Your goal ▸ Output, word for word, the lines of this listing that fall between the line with "Moroso 3 Skin Soft by Ron Arad." and the line with "The re-introduction of", counting both of those lines, and no others.

Data listing ▸

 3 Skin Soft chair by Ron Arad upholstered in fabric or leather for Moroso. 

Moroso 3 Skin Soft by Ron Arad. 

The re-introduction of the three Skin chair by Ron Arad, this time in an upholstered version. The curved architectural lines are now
* * *
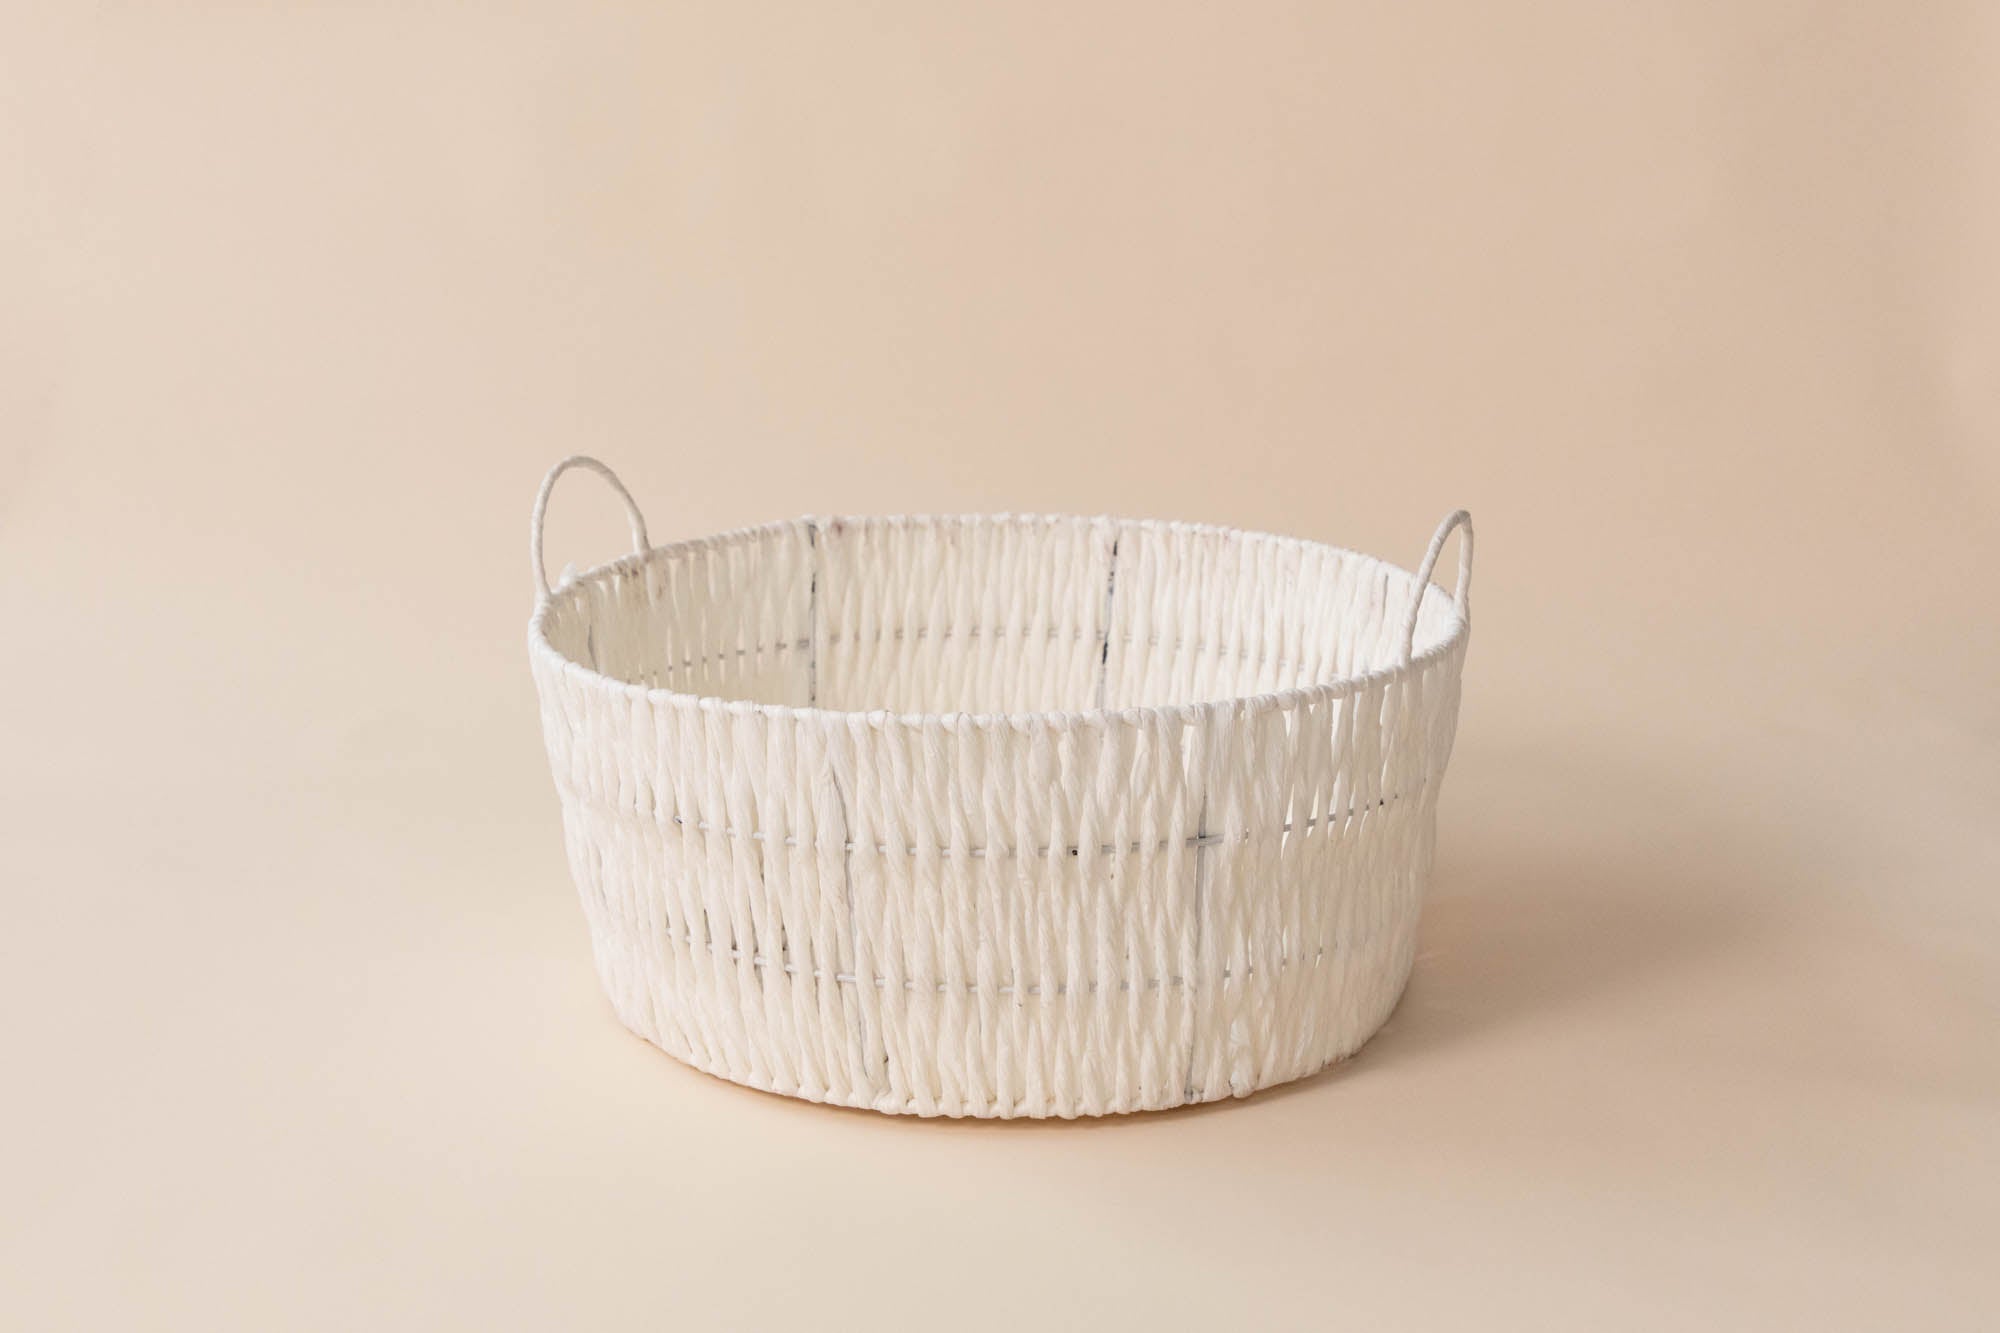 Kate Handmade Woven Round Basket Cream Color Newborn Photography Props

Finished exercise ▸
Moroso 3 Skin Soft by Ron Arad. 

The re-introduction of the three Skin chair by Ron Arad, this time in an upholstered version. The curved architectural lines are now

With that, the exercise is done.